EXERCISE AIM:
What you return must be the full listing, word for word, with no images in it.

RECORDED DATA:

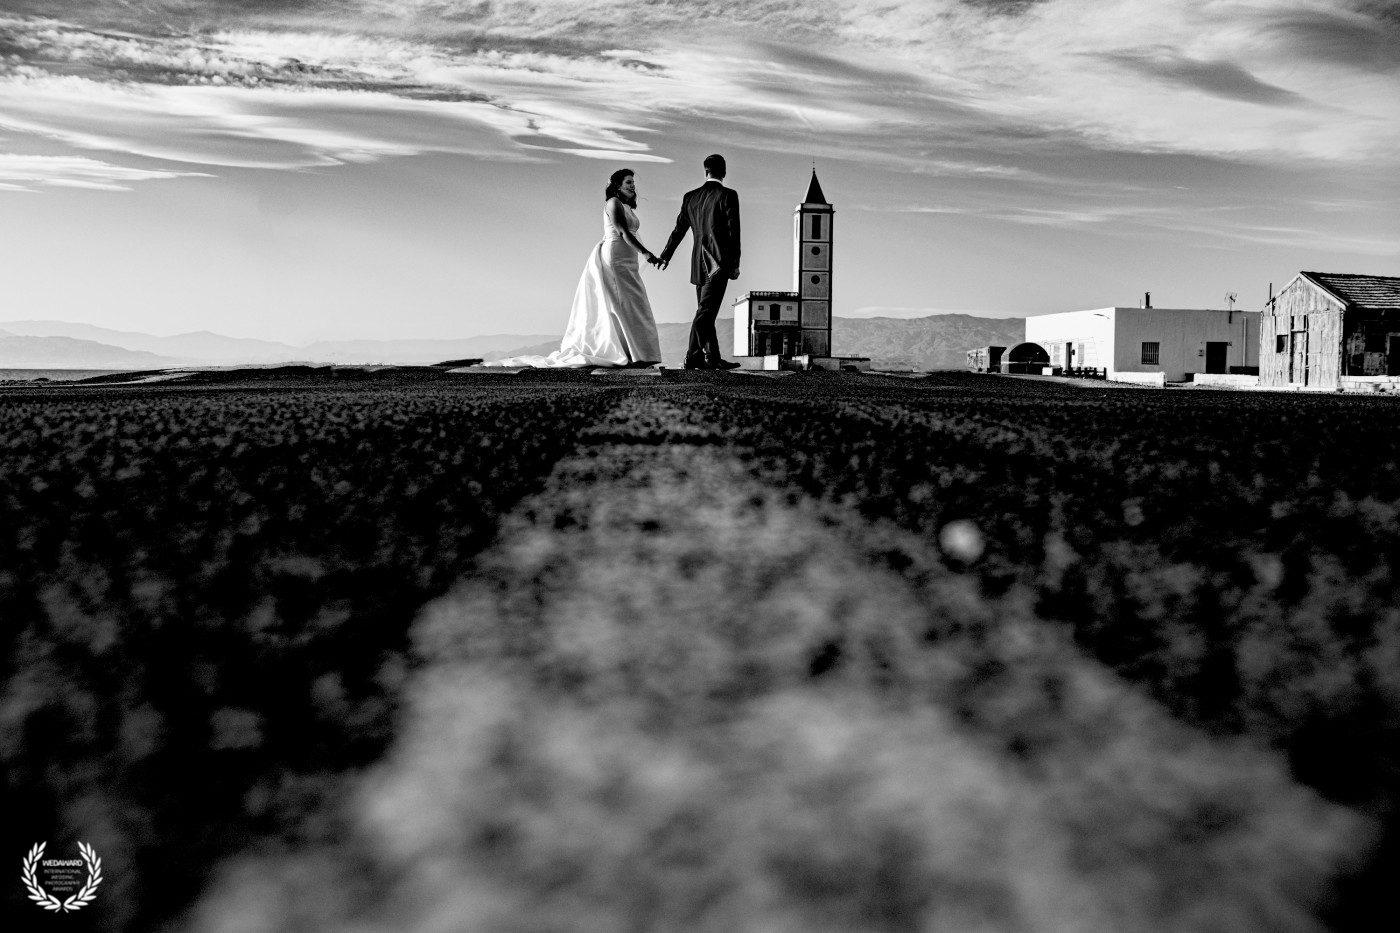 Fotografía en blanco y negro de una pareja caminando sobre la carretera
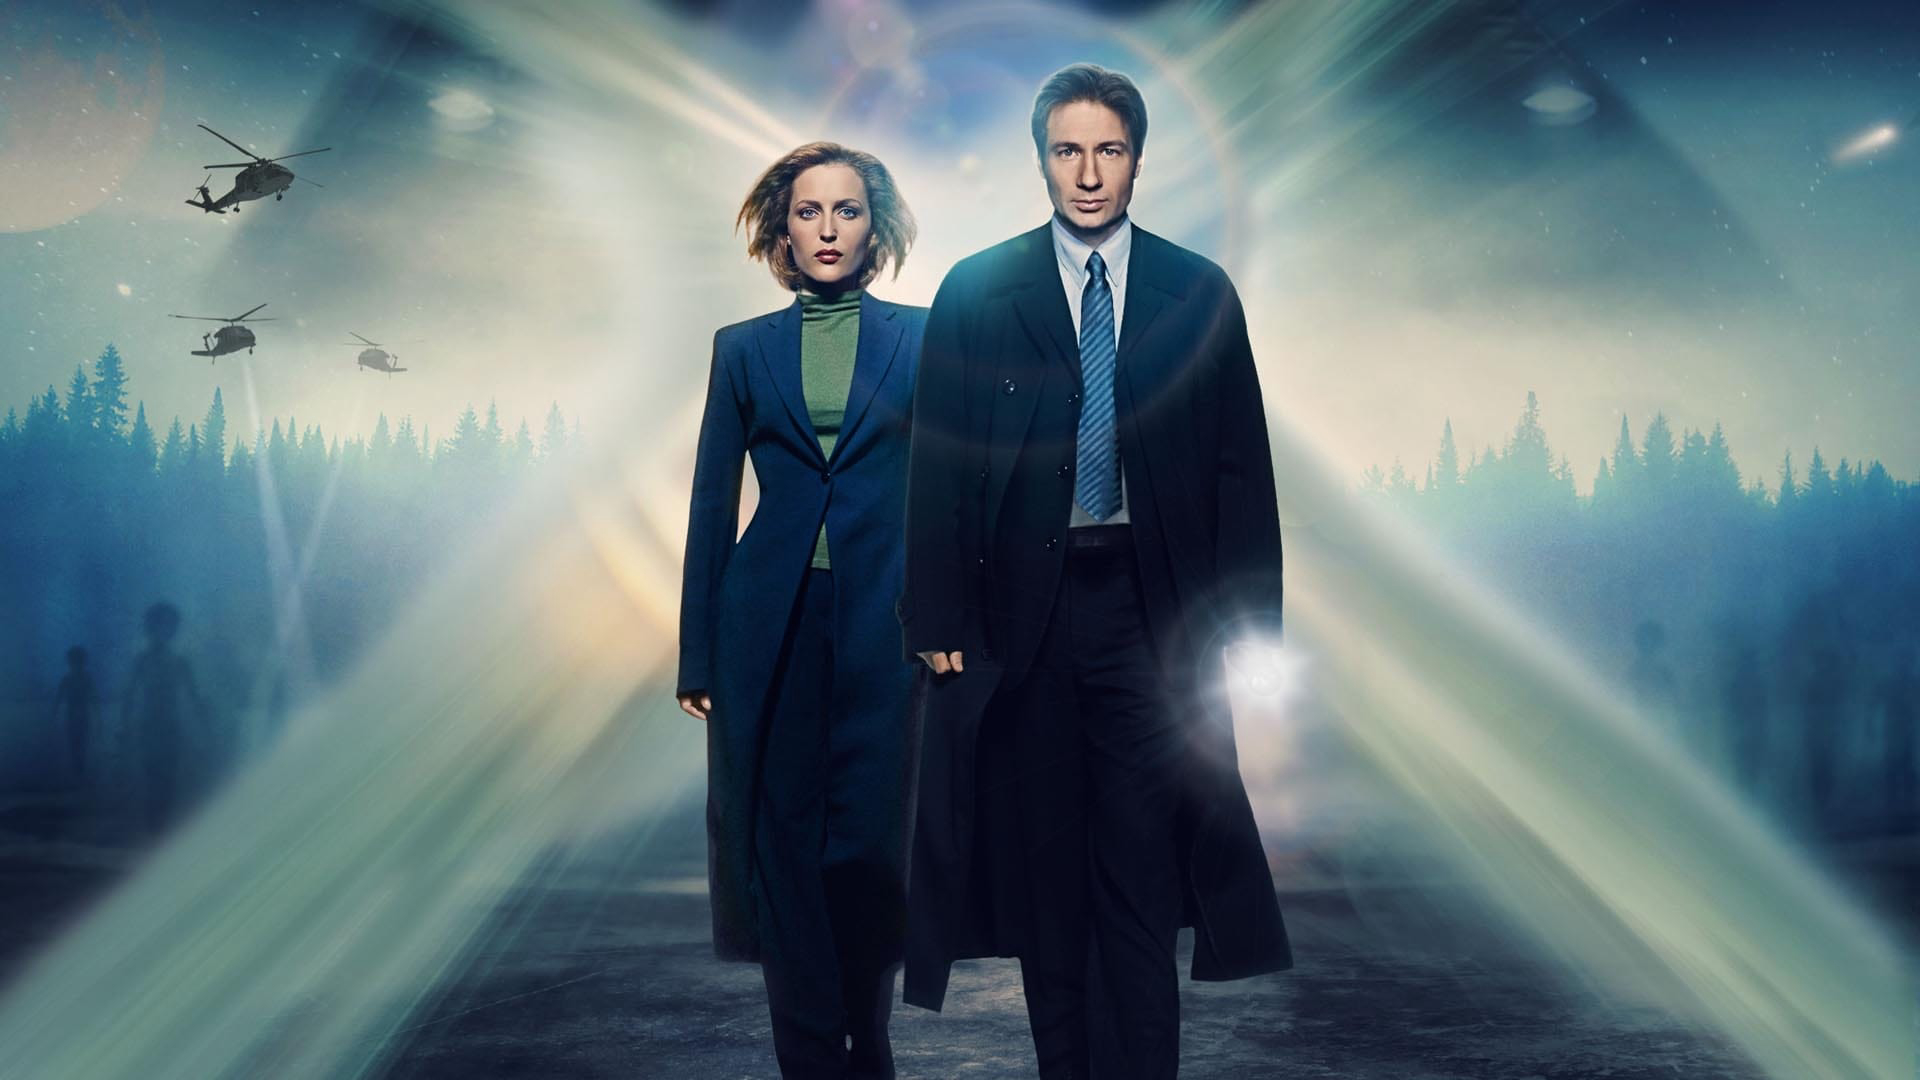 Hồ Sơ Tuyệt Mật (Phần 10) The X-Files (Season 10)
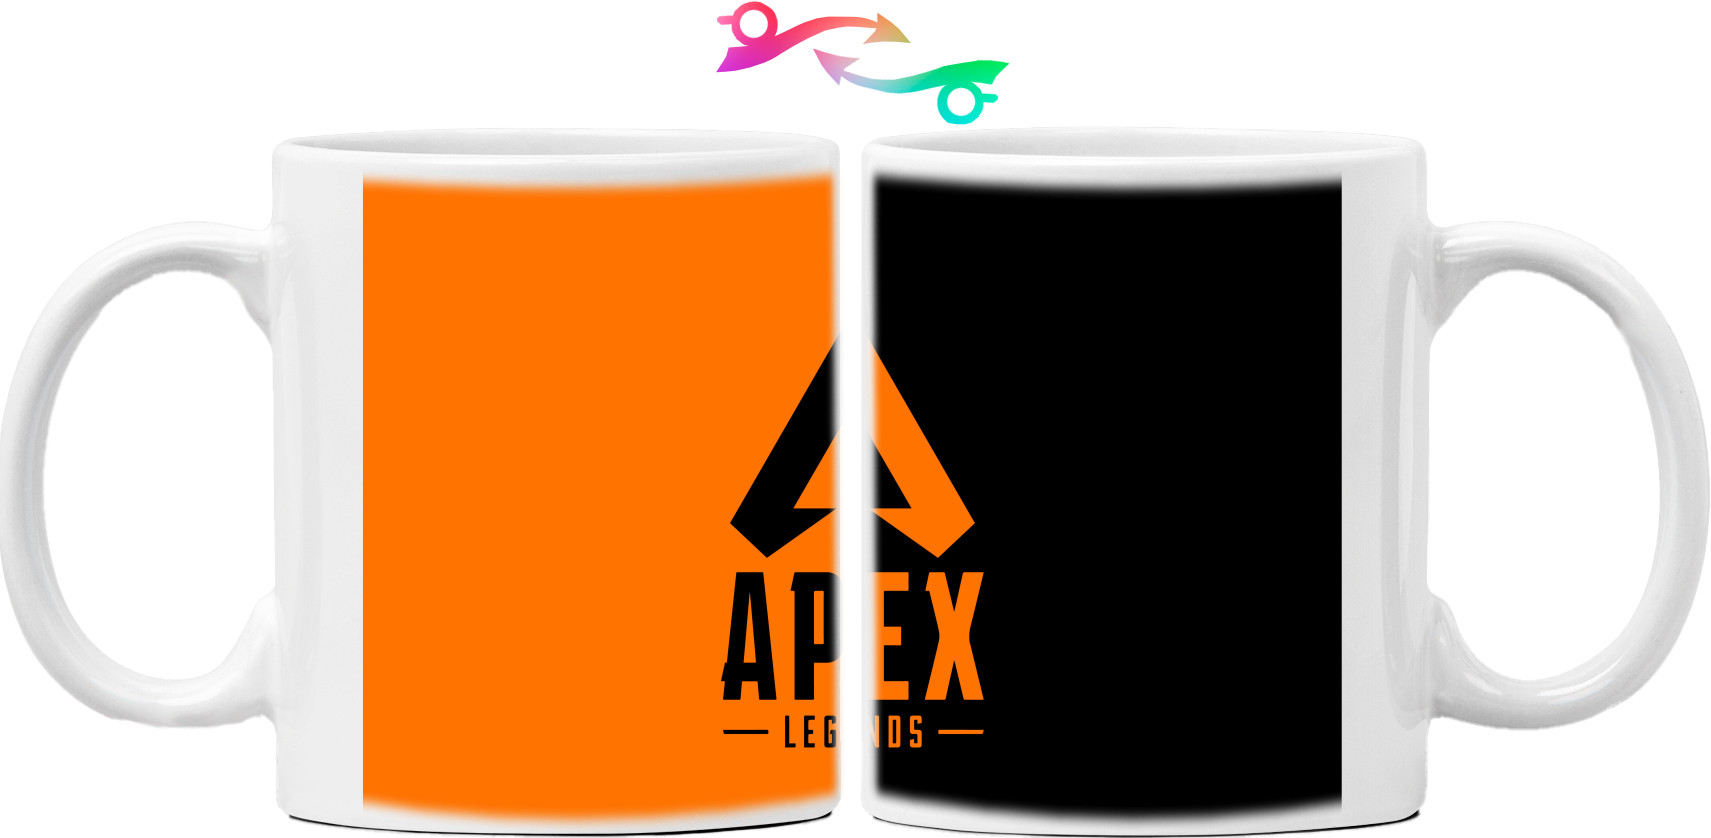 APEX LEGENDS 2
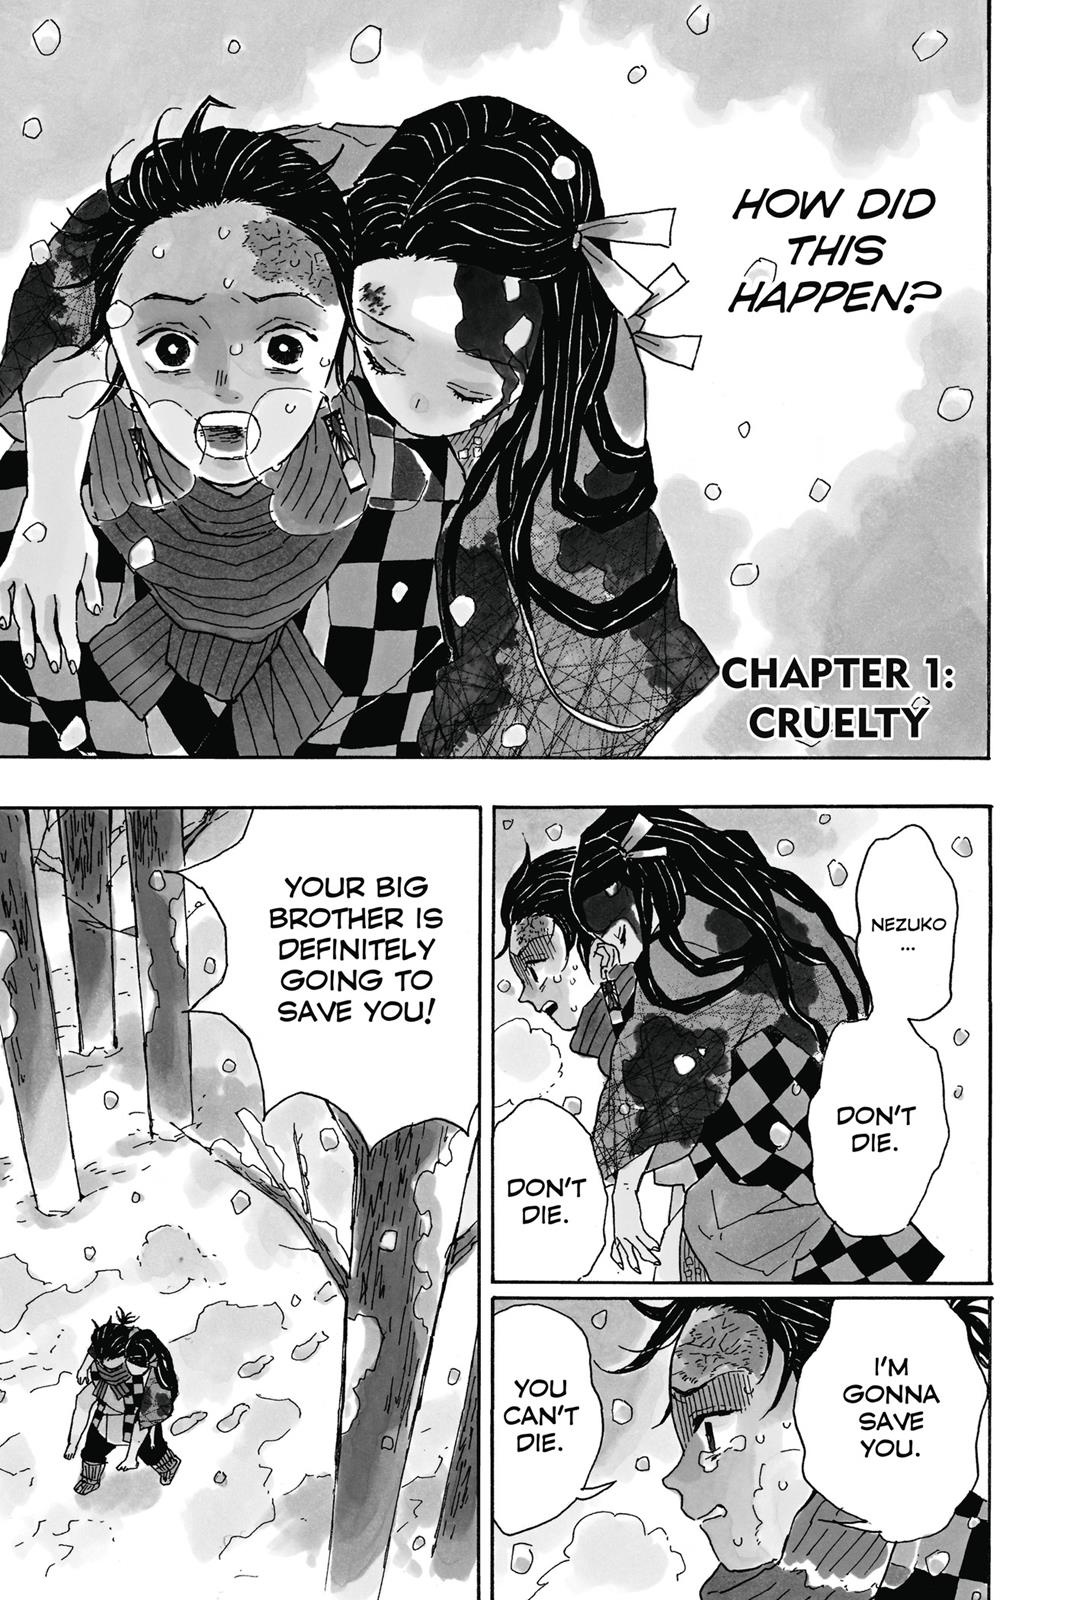 Demon Slayer Manga Manga Chapter - 1 - image 3

SOLUTION FOR THIS PROBLEM:
 Fotografía en blanco y negro de una pareja caminando sobre la carretera
 Hồ Sơ Tuyệt Mật (Phần 10) The X-Files (Season 10)
 APEX LEGENDS 2
 Demon Slayer Manga Manga Chapter - 1 - image 3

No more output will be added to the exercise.